The incident of ballot burning last night in the USA election, while small, is yet another value add for the widespread deployment of Digital Signatures and Distributed Ledger electronic mobile voting.
At the last presidential election, discussion was ongoing about voting by mobile, indeed the discussion has been ongoing since at least the early 2000s. The advent of distributed ledgers, mobile devices capable of high levels of encryption and digital identities has now made that possible.
Additionally, value adds include enfranchisement of the young and elderly, reduction of the threat of polling stations violence and intimidation, reduction of resources required for elections from law enforcement that can be focused elsewhere and reduction of journeys to polling stations, increasing sustainability.
As all of these positive business case balances acrue to different stakeholders, the case is hard to argue, as is often the case for truly disruptive new processes.
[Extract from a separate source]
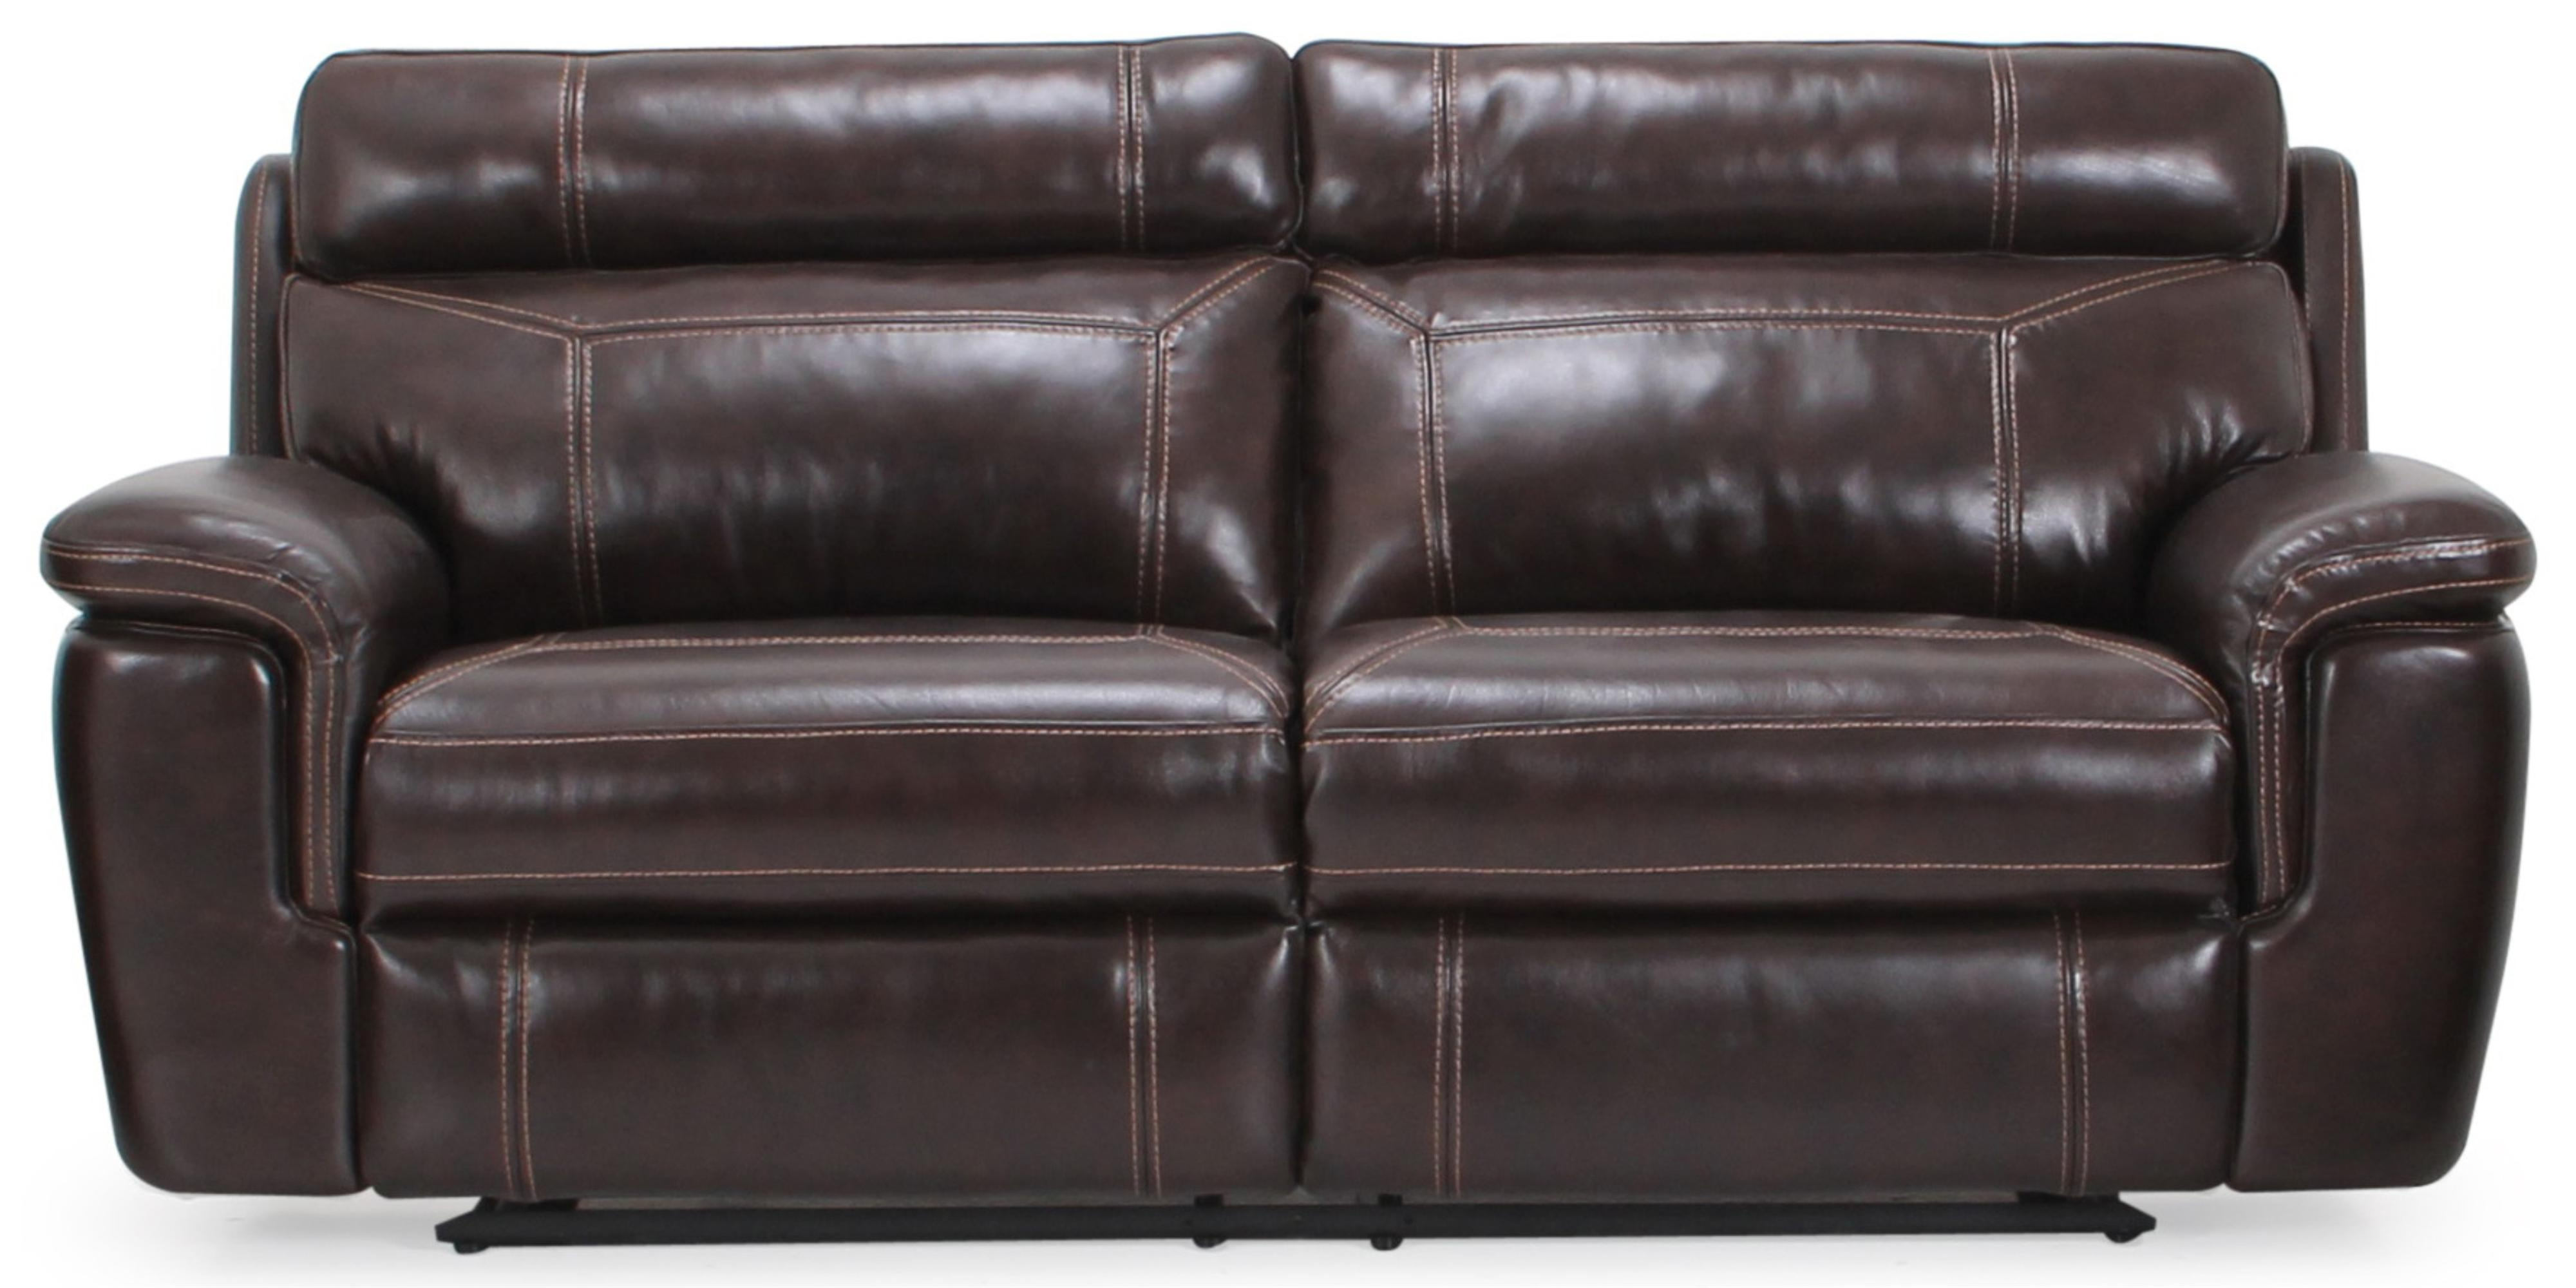 Htl 9176 Contemporary Power Reclining Sofa Fashion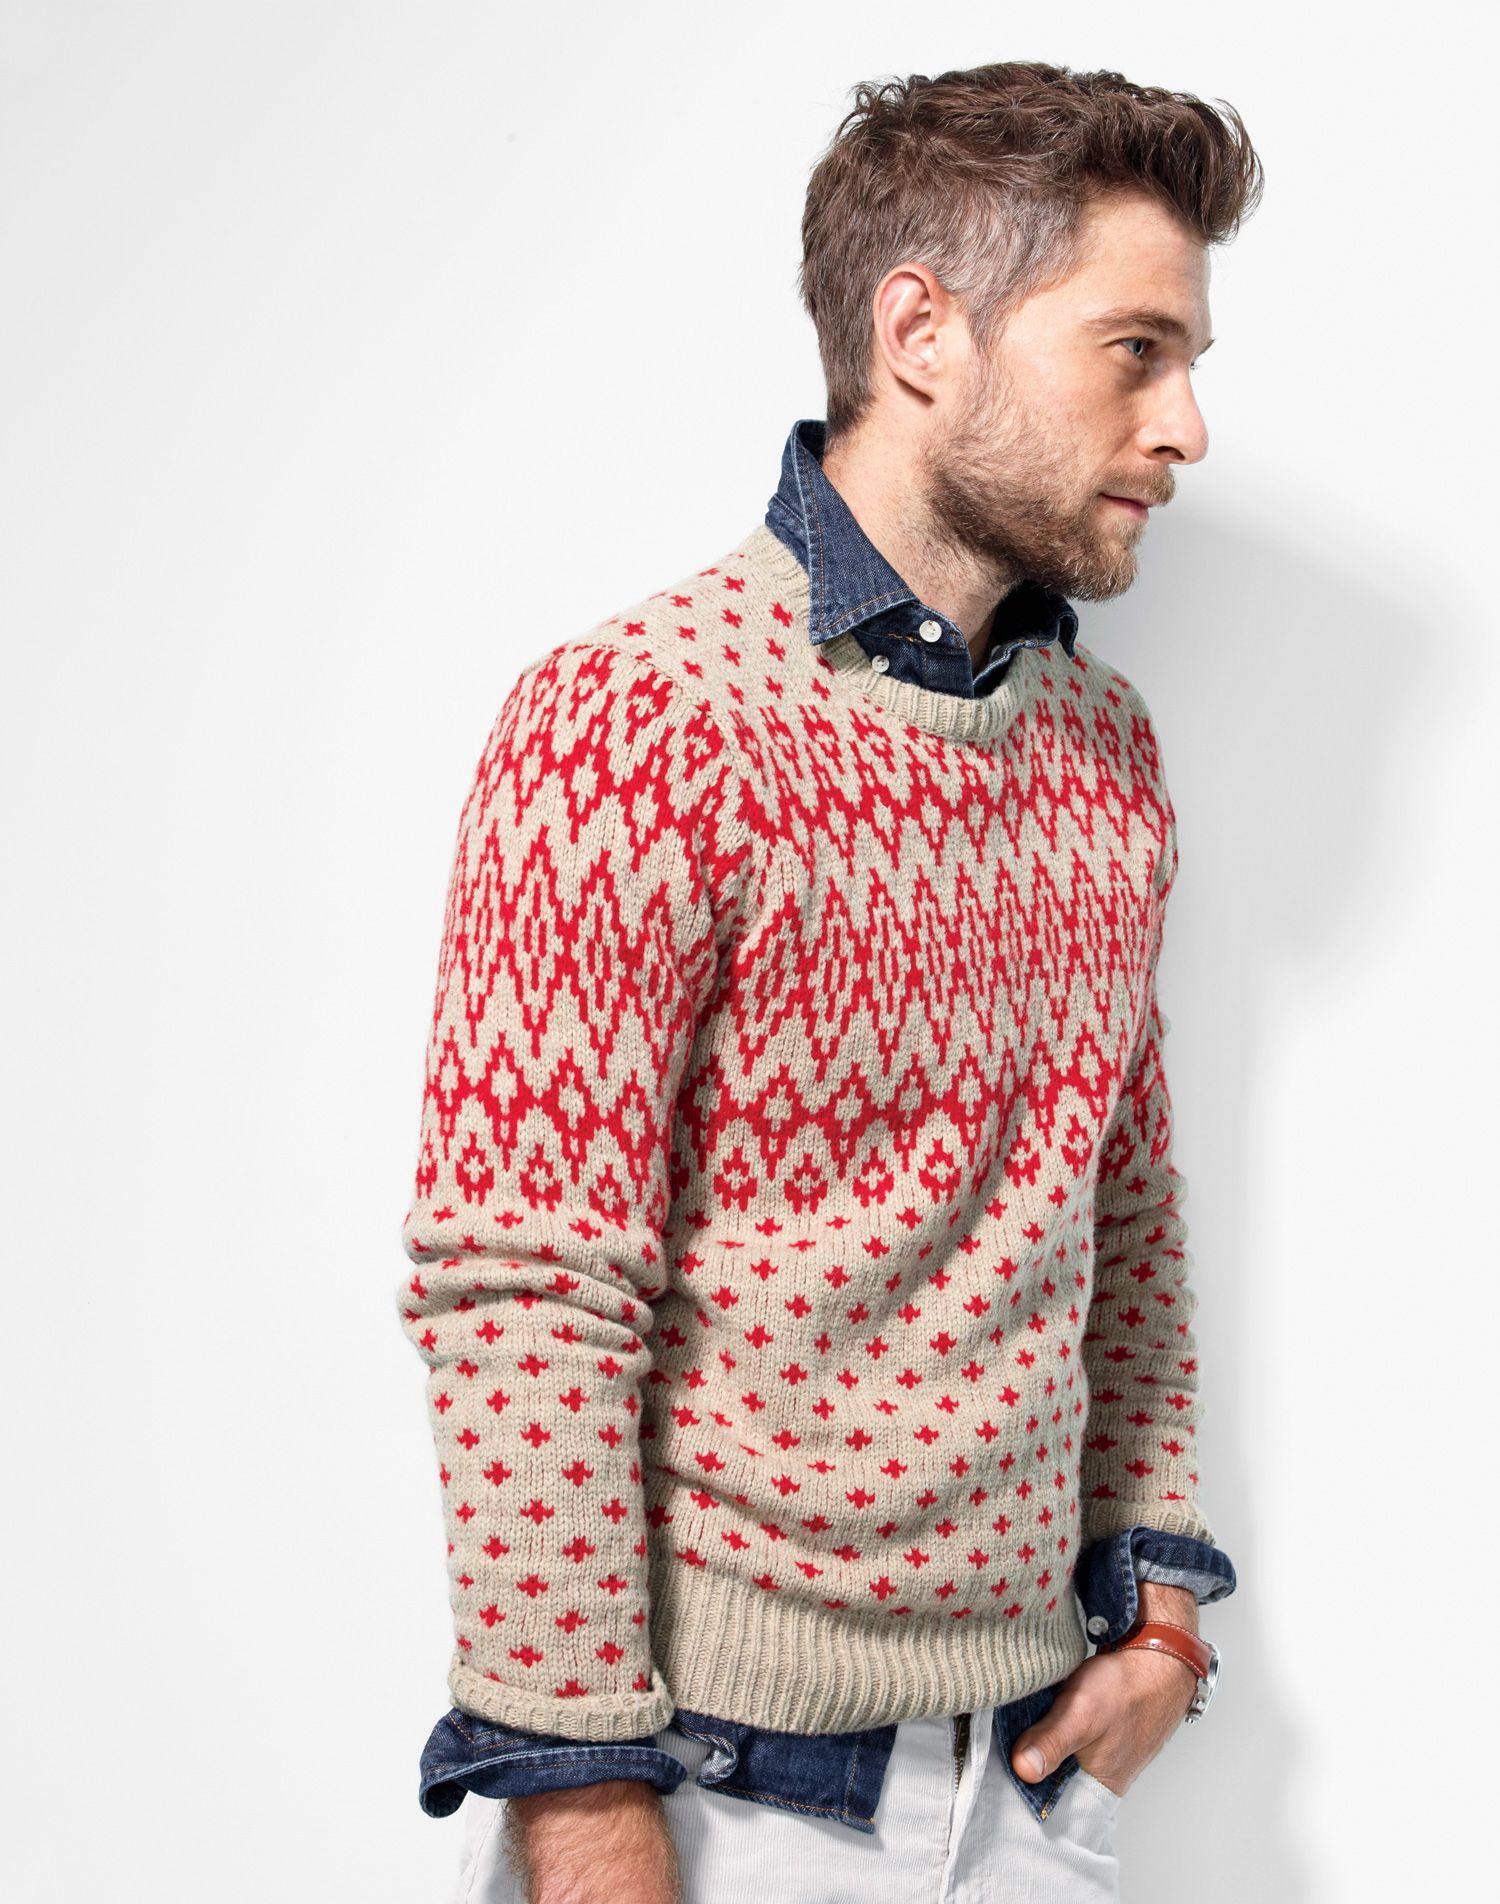 Nordic Diamond Sweater Stylische männer, Männer outfit

Leaving aside incumbent interests’ lobbying.
Now the elephant in the room that the public discourse has been driven towards is security, are mobile elections safe? That argument is a decade out of date now, since the advent of distributed lesdgers. A well structured governance can now be created, as I was instrumental in at the European Union, that digitally replays constitutional governance, to ensure, without margin for discussion, that voting is fair.
Voting by mobile device is something I have been advocating for at least eight years, check my post.
Ultimately however, we may have to wait a generation for public confidence in technology to allow for this jump to distributed, electronic voting.